Greg Mankiw pooh-poohs the data using one of his favorite tactics:
Princeton economist Alan Blinder says Democratic Presidents are better for economic equality between rich and poor.
Chicago economist Casey Mulligan says Republican Presidents are better for economic equality between men and women.
My take: These articles are completely persuasive, as long as you buy into the axiom that correlation=causation. Otherwise, not so much.
Post hoc ergo propter hoc is the eternal comeback in macroeconomics, because we can't replay the world a different way and see what "would have" happened.
It's a very effective counter when you're looking at brief periods (let's call it micromacro) with no comparative or control element.
1. That comeback is much less convincing when comparing outcomes from two sets of policies
A. Over a long period
B. When those policies are consistently and systematically different
2. Data—especially long-term data—can quite effectively disprove a theory. (Mankiw stipulates to this in "Growth of Nations.")
i.e.: Growth in Europe and the US have been the same over decades, while tax rates have been massively different (40% versus 28% of GDP).
i.e. 2: Since WWII, growth under Democratic presidents has been far greater.
No post-hoc argument here: These facts quite effectively disprove the theory that Republican/supply-side/trickle-down policies cause greater/faster economic growth.
On the two "equality" studies that Mankiw pooh-poohs.

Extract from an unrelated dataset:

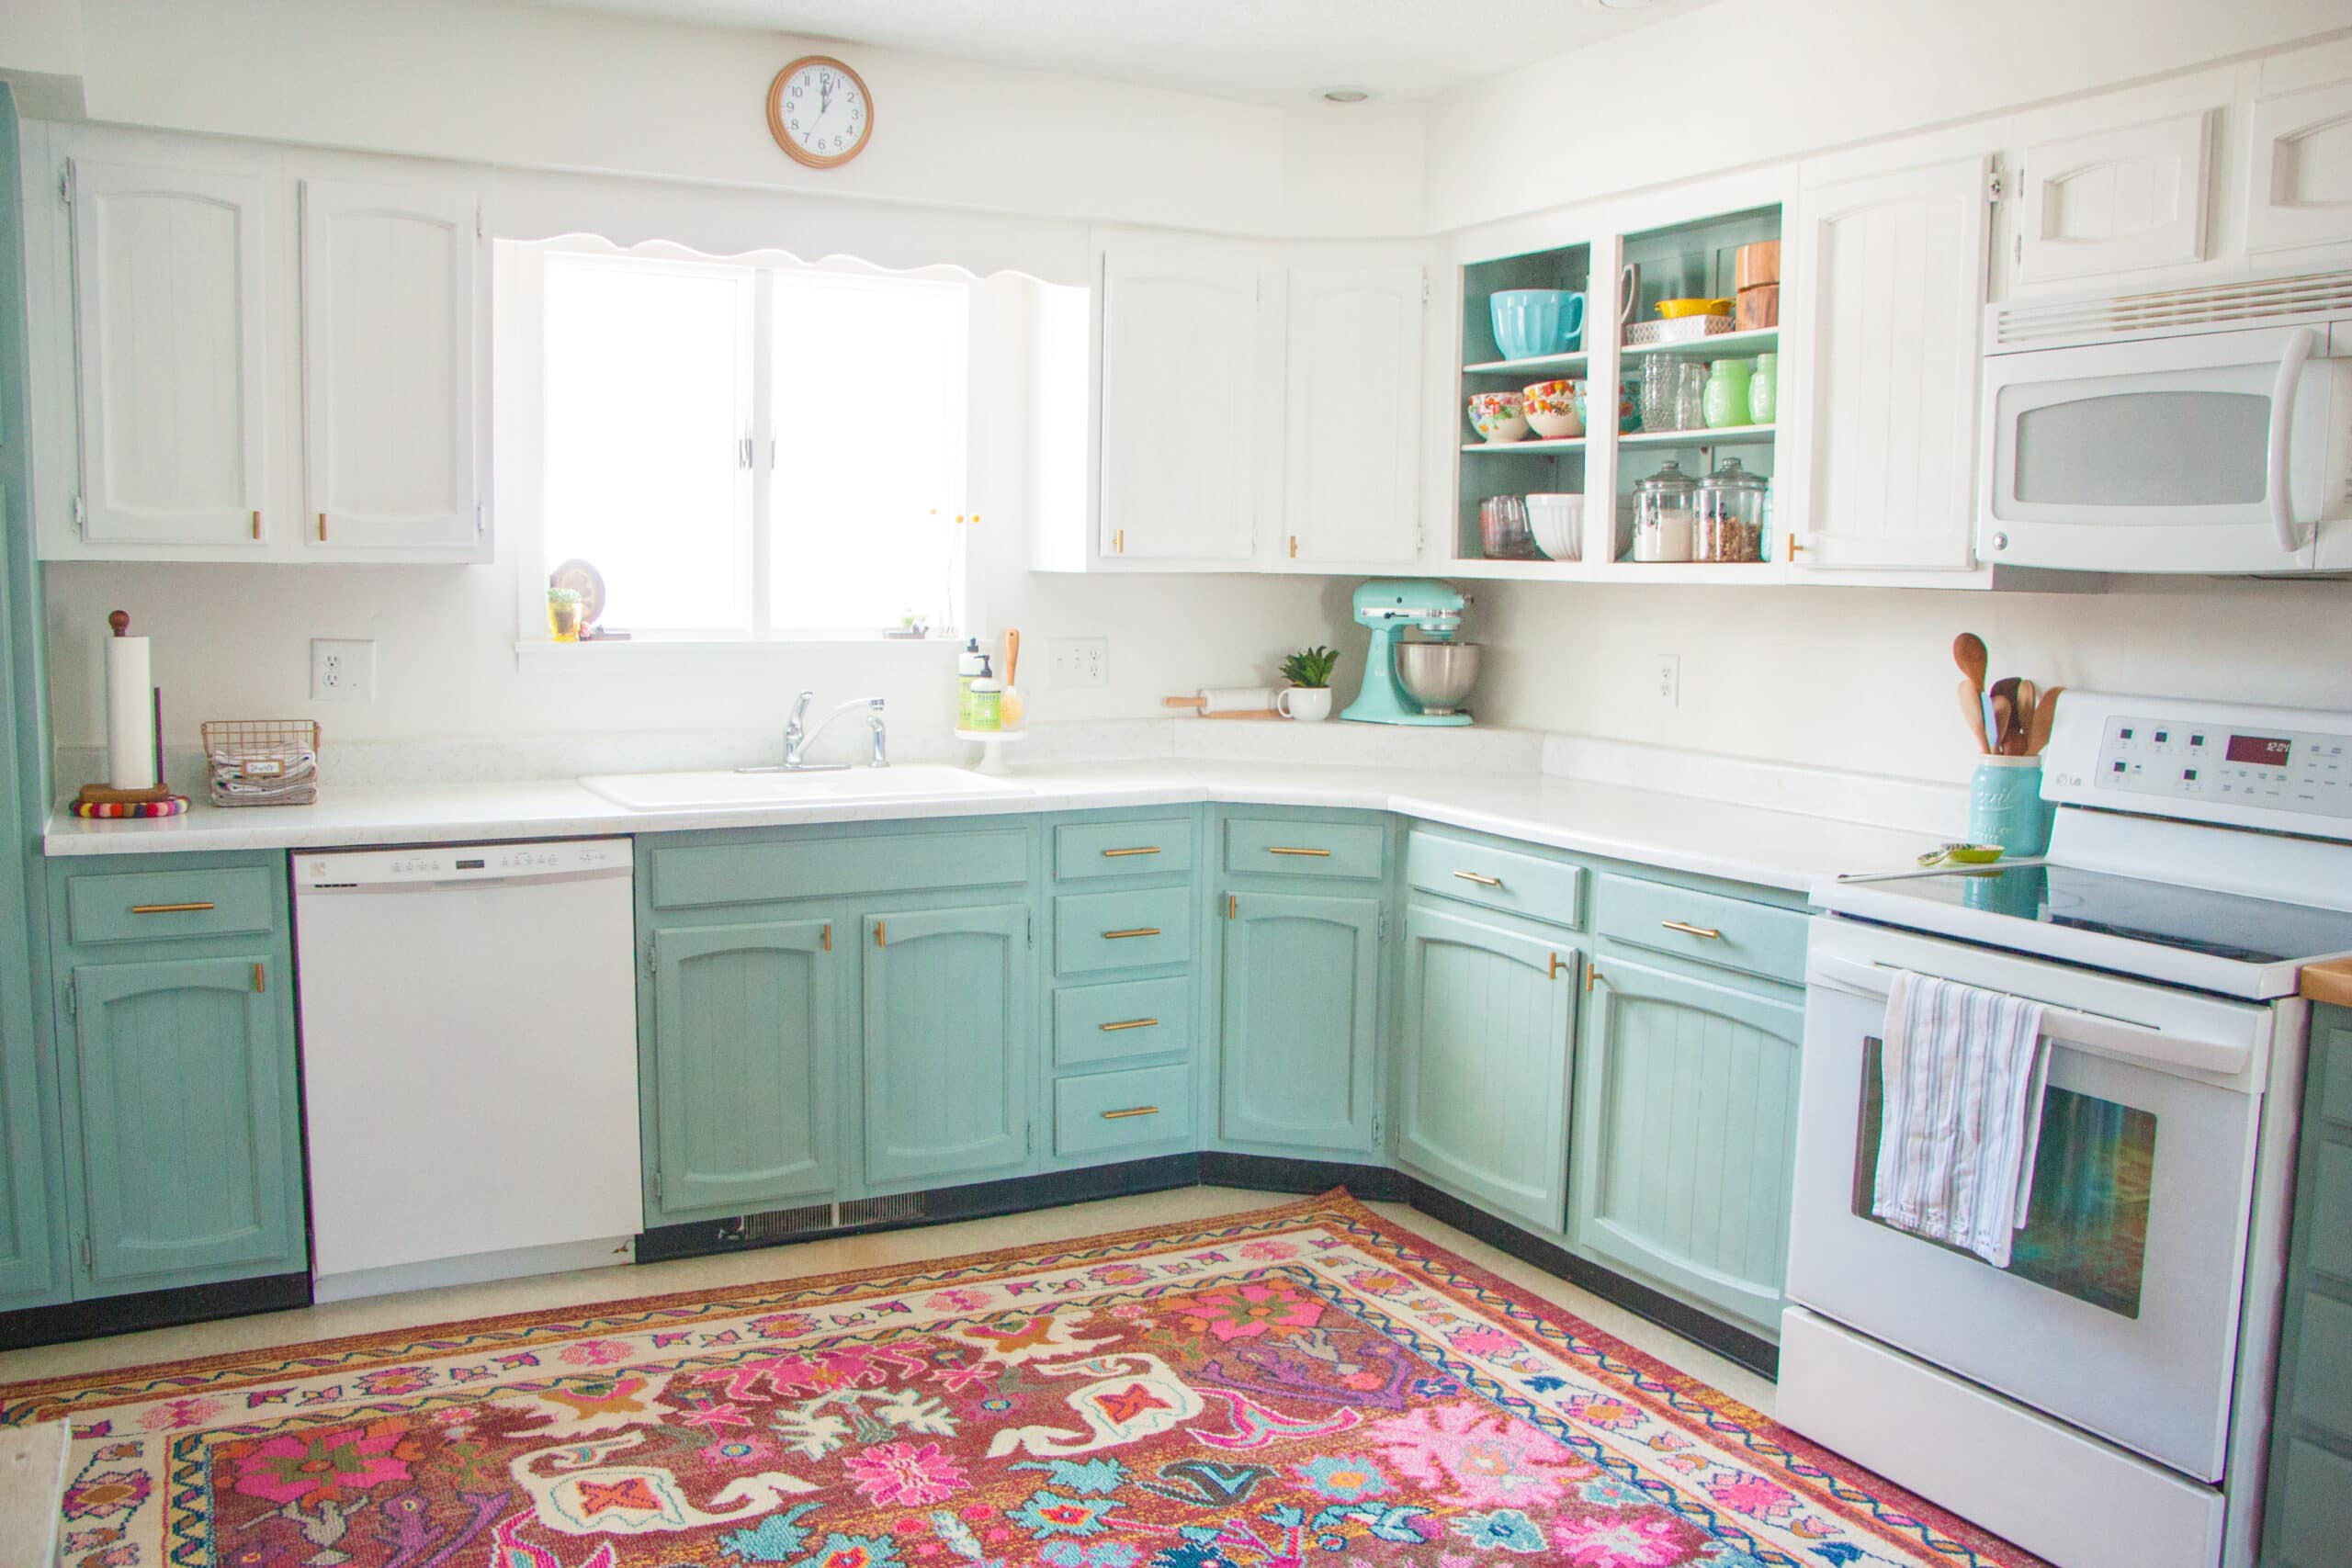 From white laminate kitchen to a green and white two-toned kitchen -  Cuckoo4Design

Dems deliver less rich/poor inequality: Blinder's point is not that Dems deliver more equality. It's that everyone is better off under Democratic policies. (Bartels demonstrates this in spades.) The equality is a wonderful (causally connected?) bonus.
Pubs deliver less male/female inequality: women appear to have done relatively better under 'pubs because working-class men have done so poorly under same.
Update: Casey Mulligan—author of the Republicans-promote-gender-equality article—responds to Mankiw in his new blog.